Chinese ancient documents are invaluable carriers of history and culture, but their visual complexity, linguistic variety, and lack of benchmarks make them challenging for modern Vision-Language Models (VLMs).
We introduce AncientDoc, the first benchmark designed for evaluating VLMs on Chinese ancient documents, covering the full pipeline from OCR to knowledge reasoning.
- 5 Tasks: Page-level OCR, Vernacular Translation, Reasoning-based QA, Knowledge-based QA, Linguistic Variant QA
- 14 Categories: 100+ books, ~3,000 pages across dynasties from Warring States to Qing
- Rich Annotations: OCR + semantic translation + multi-level QA pairs
- Comprehensive Evaluation: CER, Precision/Recall/F1, CHRF++, BERTScore, and human-aligned GPT-4o scoring
- Source: Digitized ancient documents from Harvard Library and others
- Dynasty Coverage: From Warring States, Han, Tang, Song, Ming to Qing
- Category Coverage: 14 semantic categories (e.g., collected works, Chuci-style poetry, medicine, astronomy, literary criticism, art)
- Total Size: ~3,000 page images, with annotations across five tasks
- Page-level OCR – extract complete text in correct reading order (vertical right-to-left, with annotations).
- Vernacular Translation – translate classical Chinese into modern vernacular.
- Reasoning-based QA – infer implicit meanings, causality, and ideology.
- Knowledge-based QA – answer factual and cultural questions from texts.
- Linguistic Variant QA – recognize rhetorical devices, stylistic features, and literary styles.
- OCR Task: CER, Char Precision/Recall/F1
- Translation & QA Tasks: CHRF++, BERTScore (BS-F1)
- LLM-as-a-Judge: GPT-4o scoring aligned with human ratings
We evaluate open-source (Qwen2.5-VL, InternVL, LLaVA, etc.) and closed-source (GPT-4o, Gemini2.5-Pro, Doubao-V2, etc.) VLMs.
- OCR: Gemini2.5-Pro achieves lowest CER (32.03)
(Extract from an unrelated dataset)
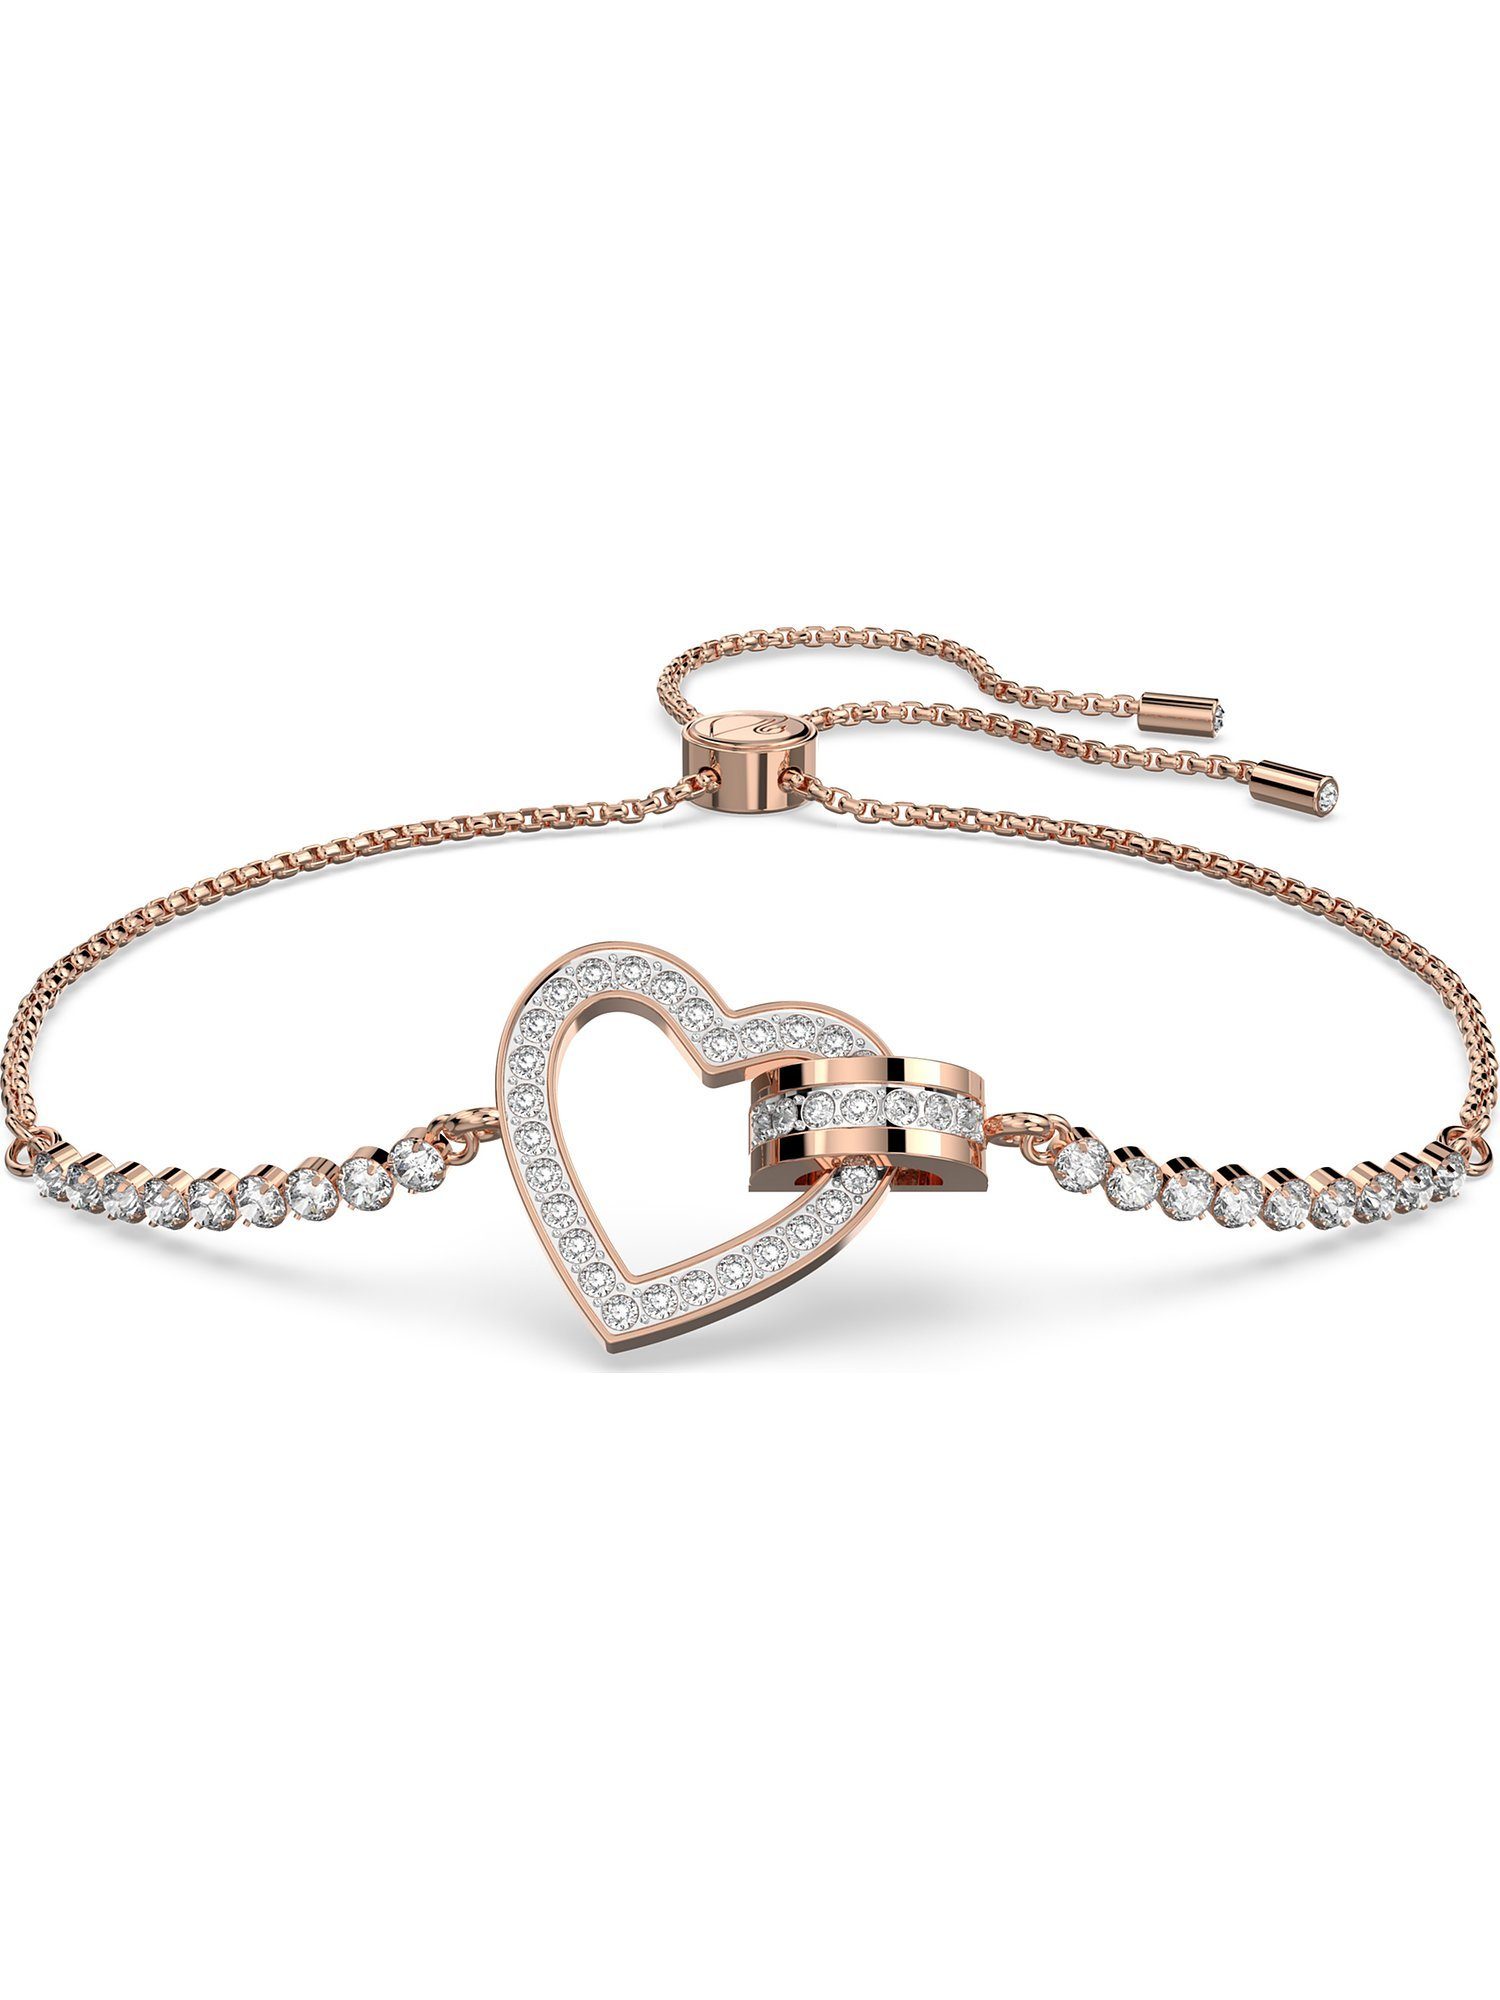 Swarovski Armband »Swarovski Damen-Armband Metall Swarovski-Kristall«,  trendig online kaufen | OTTO

- Translation: Gemini2.5-Pro leads with BS-F1 72.5
- Reasoning QA: Qwen2.5-VL-72B shows strongest implicit reasoning
- Knowledge QA: GPT-4o achieves best factual QA performance
- Variant QA: GPT-4o & Gemini2.5-Pro excel in stylistic recognition
Each JSONL file contains:
{
"image": "class/book/page_001.png",
"task": "OCR",
"question": "Please extract the text...",
"answer": "夫天之所..."
}
If you use AncientDoc in your research, please cite:
@article{yu2025benchmarking,
title={Benchmarking Vision-Language Models on Chinese Ancient Documents: From OCR to Knowledge Reasoning},
author={Haiyang Yu, Yuchuan Wu, Fan Shi, Lei Liao, Jinghui Lu, Xiaodong Ge, Han Wang, Minghan Zhuo, Xuecheng Wu, Xiang Fei, Hao Feng, Guozhi Tang, An-Lan Wang, Hanshen Zhu, Yangfan He, Quanhuan Liang, Liyuan Meng, ChaoFeng, Can Huang, Jingqun Tang, Bin Li},
journal={arXiv preprint arXiv:2509.09731},
year={2025}
}
- 📂 Dataset: HuggingFace Link
- 📑 Paper: arXiv Link
- 🤖 Baseline Models: Weights & Logs
The AncientDoc dataset runs under the CC0 license.